Eric - Thanks for the info. Didn't see this post. When I open the forum at work I only look at photo threads. Then it marks everything else as old threads.


----------



## Heather (Nov 22, 2006)

Marco said:


> Eric - Thanks for the info. Didn't see this post. When I open the forum at work I only look at photo threads. Then it marks everything else as old threads.

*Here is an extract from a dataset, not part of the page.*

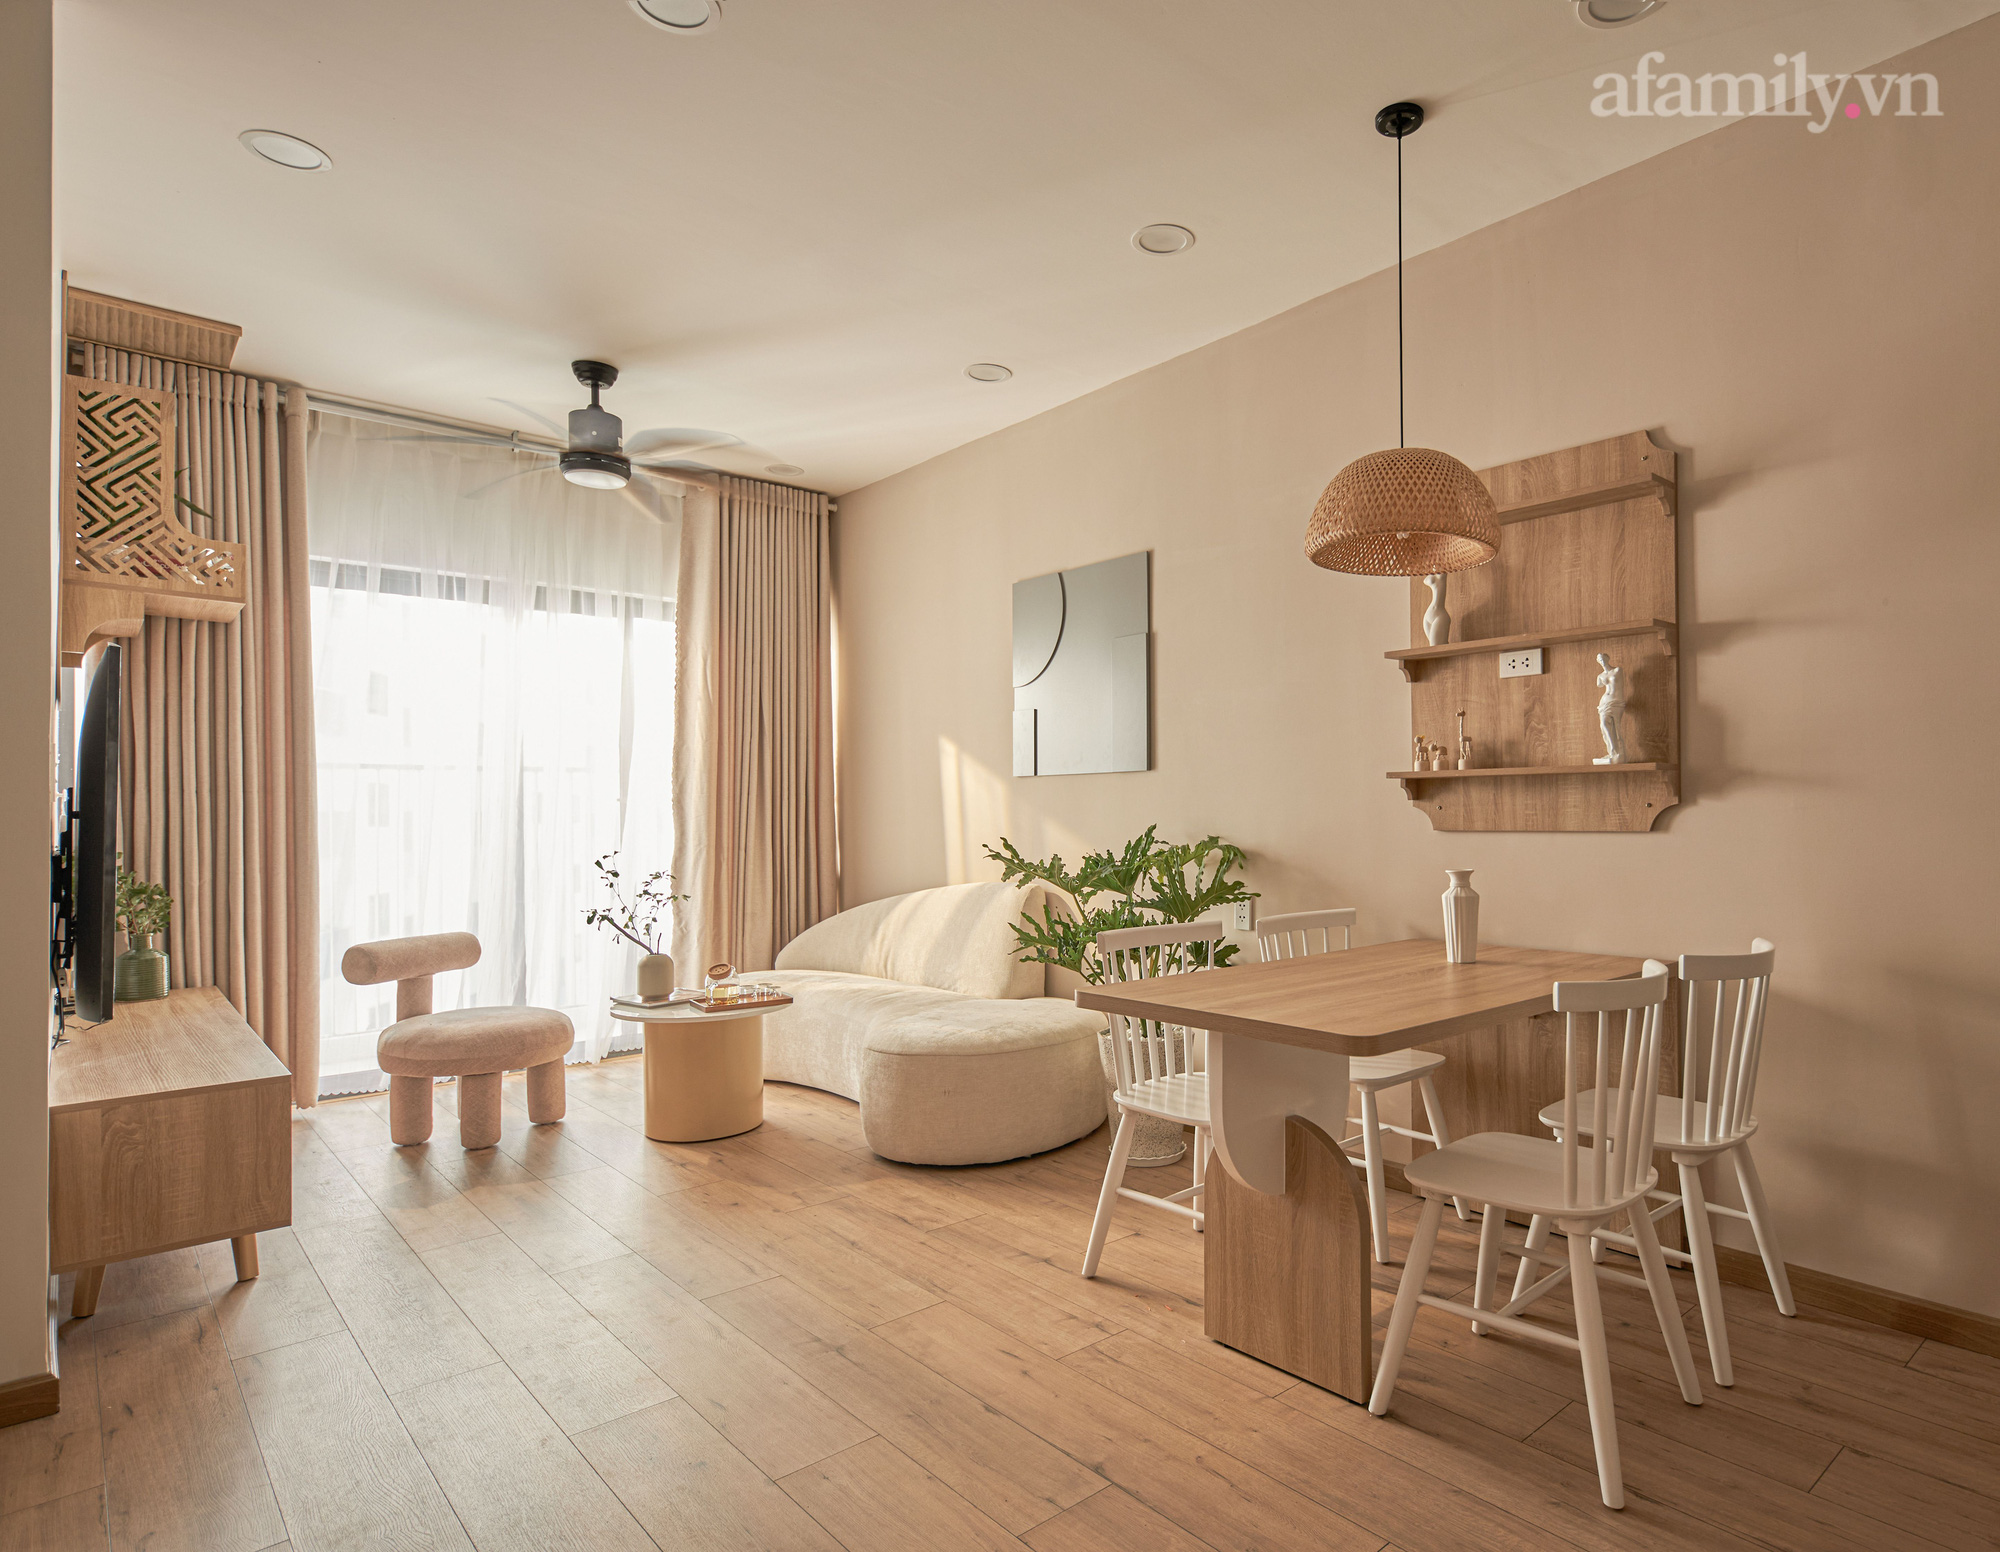 Thiết kế căn hộ nhà ở xã hội 63m² tại Nha Trang, diện tích nhỏ nhưng tối giản, gam trung tính đầy cảm hứng - Ảnh 7.

You open the forum at work?


----------



## Marco (Nov 22, 2006)

yup...im a slacker


----------



## NYEric (Nov 22, 2006)

Hey Marco, I usually go online at work too. Hee hee hee:wink:


----------



## Jon in SW Ohio (Nov 22, 2006)

Same here, if you see me on the forum and I'm not on AIM, I'm at work. I could probably get away with AIM at work too though.

Jon


----------



## NYEric (Nov 22, 2006)

AIM? Nick Fury, Agent of Shield's enemy?


----------



## Jon in SW Ohio (Nov 22, 2006)

AOL Instant Messenger


----------



## Marco (Nov 22, 2006)

You have a marvel comic collection Eric?


----------



## Heather (Nov 22, 2006)

Oh, I was kinda being sarcastic (I'm always on at work!)
shhhhh......:evil:


----------



## NYEric (Dec 11, 2006)

*Comics*

Sorry Marco, I didn't see this. I collect artists. Jack [the King] Kirby, Berni [Swamp thing] Wrightson, Richard Corben, Masumane Shiro, etc. Yes I have a number of old Fantastic Four, X-men, etc. comics. I dont have the time to invest more right now as I'm growing orchids and collecting model train stuff [See my layout at TMRCI.Com, N-Scale].


----------



## Marco (Dec 11, 2006)

cool nice train models.


----------



## NYEric (Dec 11, 2006)

He with the best toys wins...


----------



## Ron-NY (Dec 11, 2006)

I go on at work also, but I am self employed.


----------



## NYEric (Dec 12, 2006)

Better hope the boss doesn't bust you.


----------